The blind spot detector takes advantage of this effect by counting noise values over a given threshold in the noise event counter 74. After a predetermined period, a threshold is chosen that depends on the number of noise counts over the noise threshold. Higher counts give higher thresholds. The period is determined by counting the number of samples below the lowest possible car detection threshold. Thus, the statistics are not upset by the presence or absence of vehicles in the blind spot.
Specifically, with the amplifier gain set to 66 dB the noise threshold used is 30 mv. The possible car detection thresholds are 50 mv, 100 mv , 150 mv and 200 mv. The count is done to a maximum of 32 events below 50 mv. Each event is sampled for about 800 msec so that a new threshold is chosen about every 25 sec if no events over 50 mv occur. The threshold for the next 25 sec interval is set based on the number of events between 30 and 50 mv as follows: less than 3 events Th = 50 mv between 3 and 7 events Th = 100 mv between 8 and 20 events Th = 150 mv more than 20 events Th = 200 mv
A time out check is also implemented to prevent the system locking up due to constant noise or car signatures over 50 mv. After one minute of this condition, the threshold is set to 200 mv. The detailed operation of the second embodiment, which is microprocessor based, is illustrated in Figures 9 to 12.
The detailed circuitry for the second embodiment is shown in Figure 15. The circuit is controlled by microprocessor 100, which is a Motorola 6805. A signal from passive infrared detector 101 is fed through operational amplifiers 102, 103, which also act as bandpass filters . The output of amplifier 103 is fed to operational amplifiers 104, 105, which acts as comparators. Switches 106 provide the threshold adjustment circuitry.
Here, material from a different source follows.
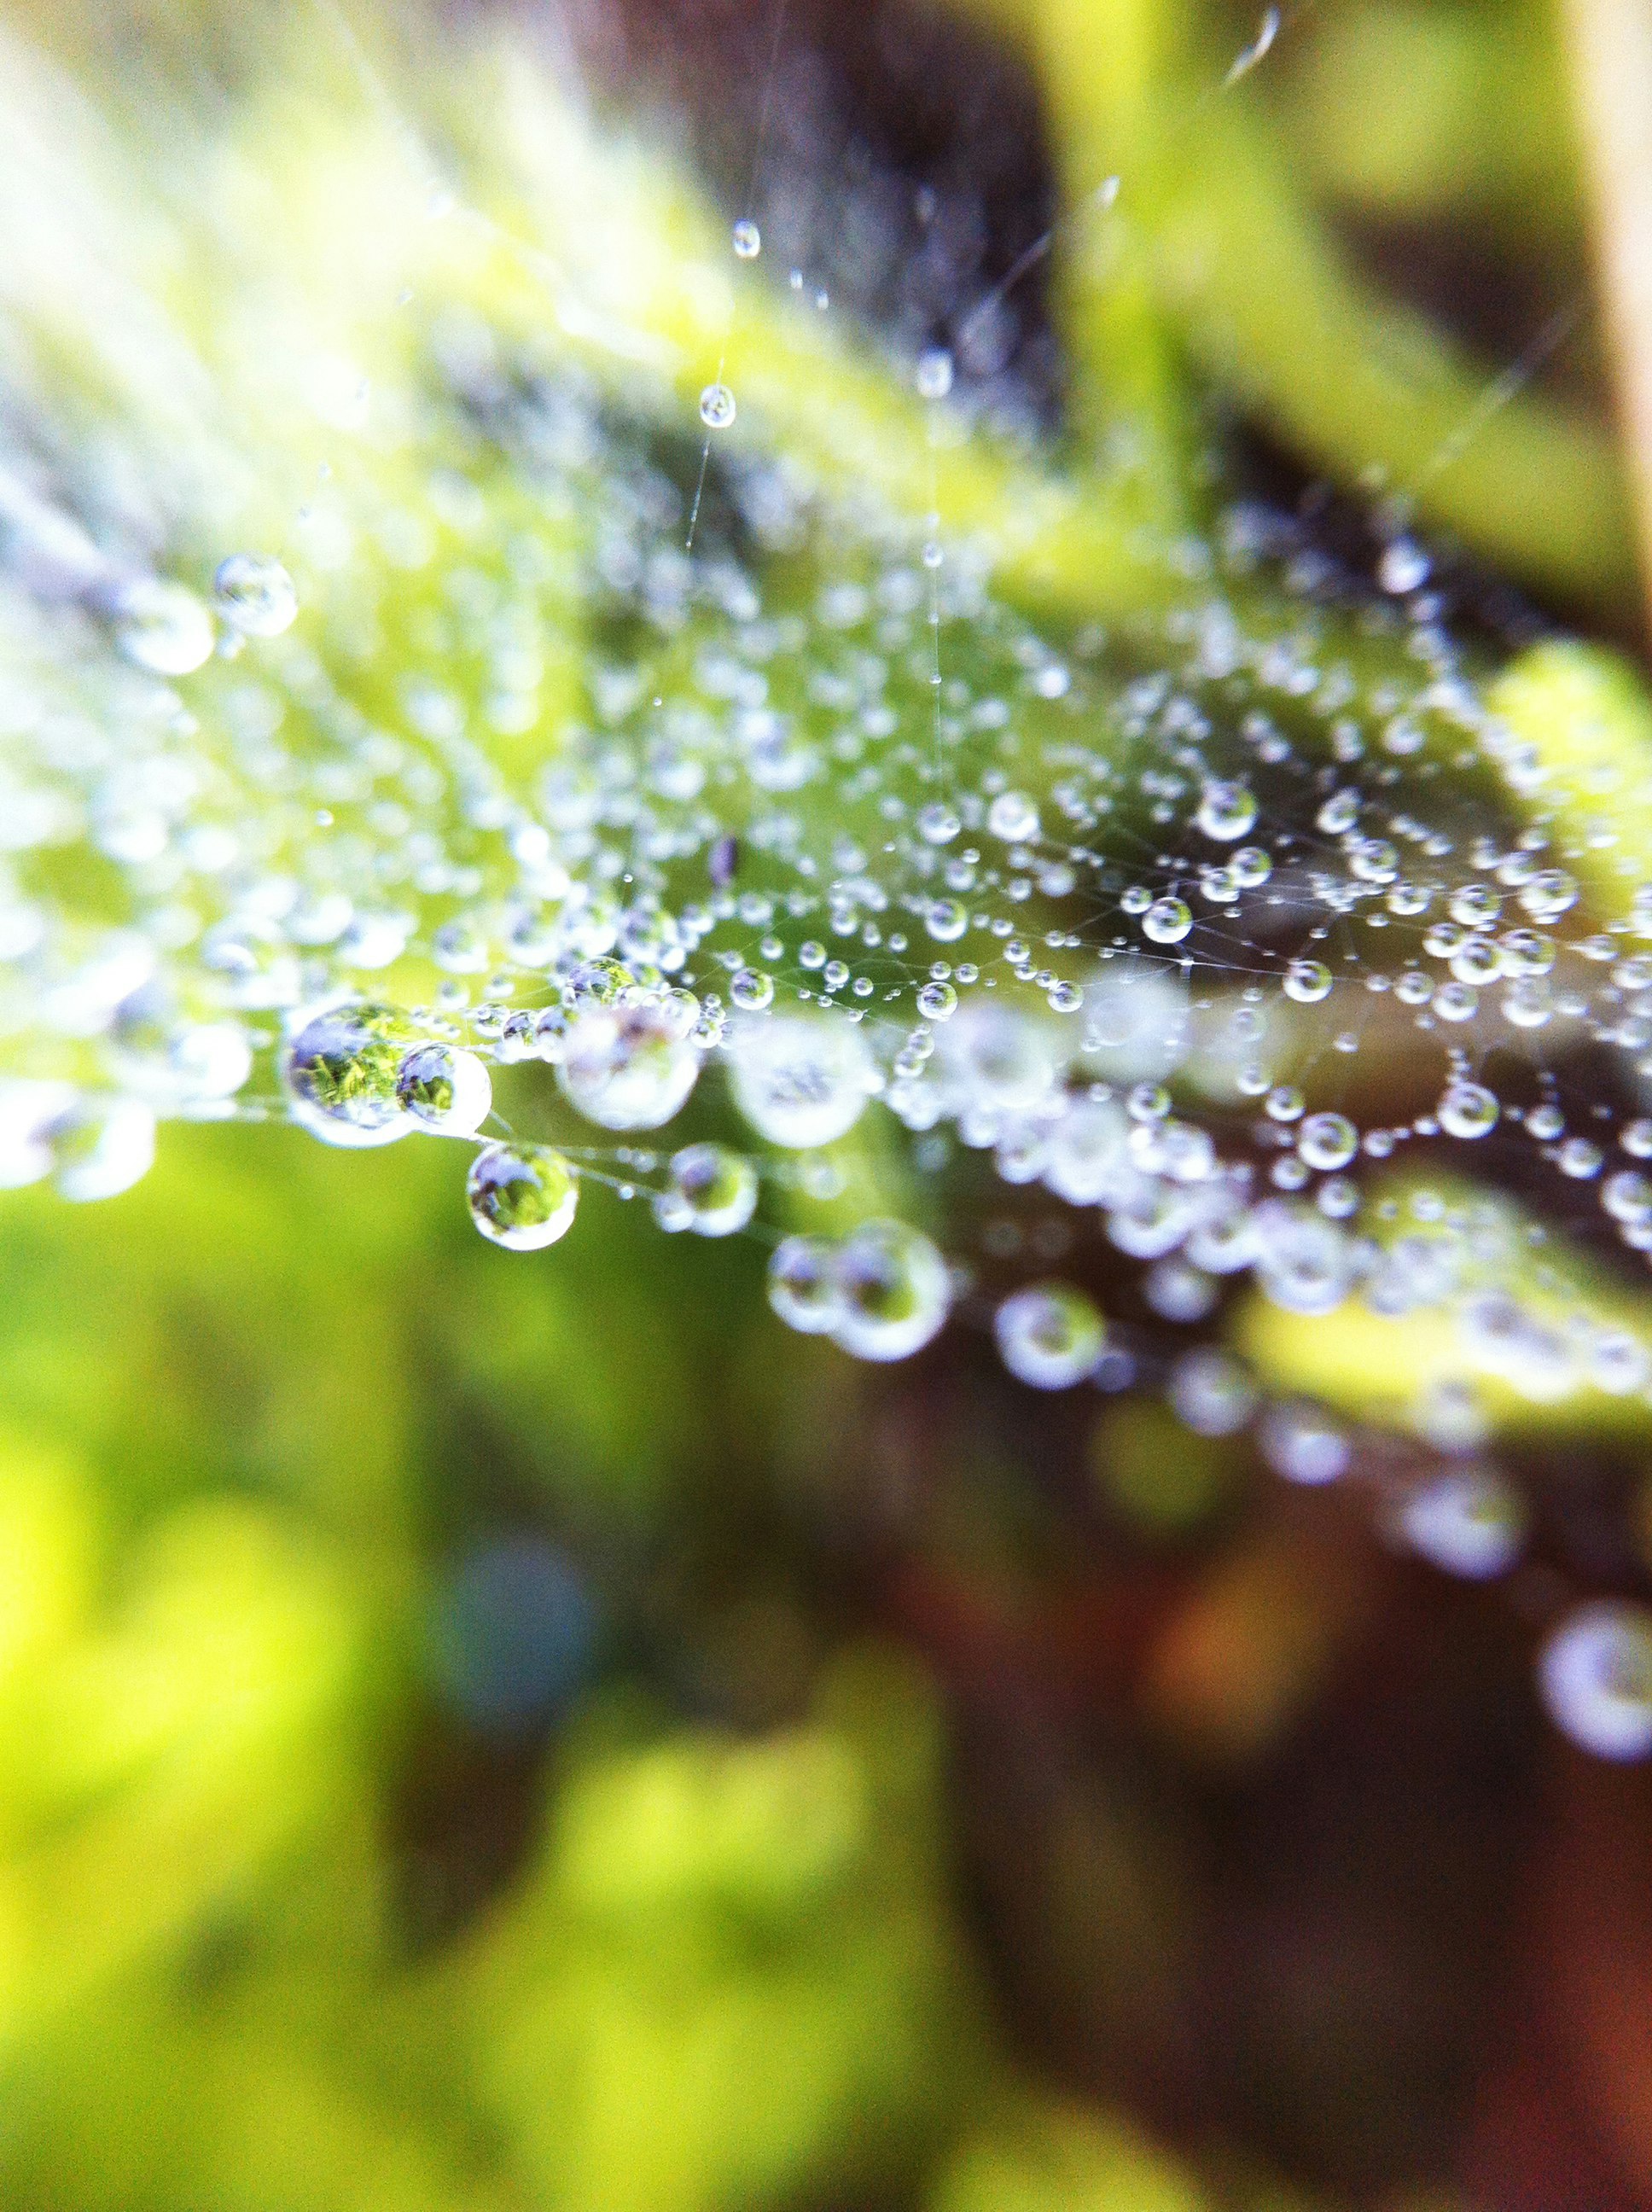 water droplets on spider web in tilt shift lens

The invention also has other applications, such as school bus child detectors. An integrated Multiple unit could cover a long vehicle, such as tractor trailers. With the current invention, pickup of shadows from overpasses can occur, in particular on sunny days. This is because of the cooler road temperature under the underpass. It is possible to compensate for this by having two detectors with one pointing straight down at the road to establish the presence of a shadow. This information can then be combined with the data from the car detection sensor to reduce the detection of shadows.
The current invention takes advantage of the relative motion of the two vehicles to produce the detection signal. Normally in most driving situations this is sufficient to give a very high probability of detection. However it is conceivable, especially under heavy rain when car signatures are reduced, that relative motion may not be enough to trigger the device. This problem can be overcome by mechanically vibrating the
mirror, lens or sensor to provide a scanning motion of the car signature across the detector.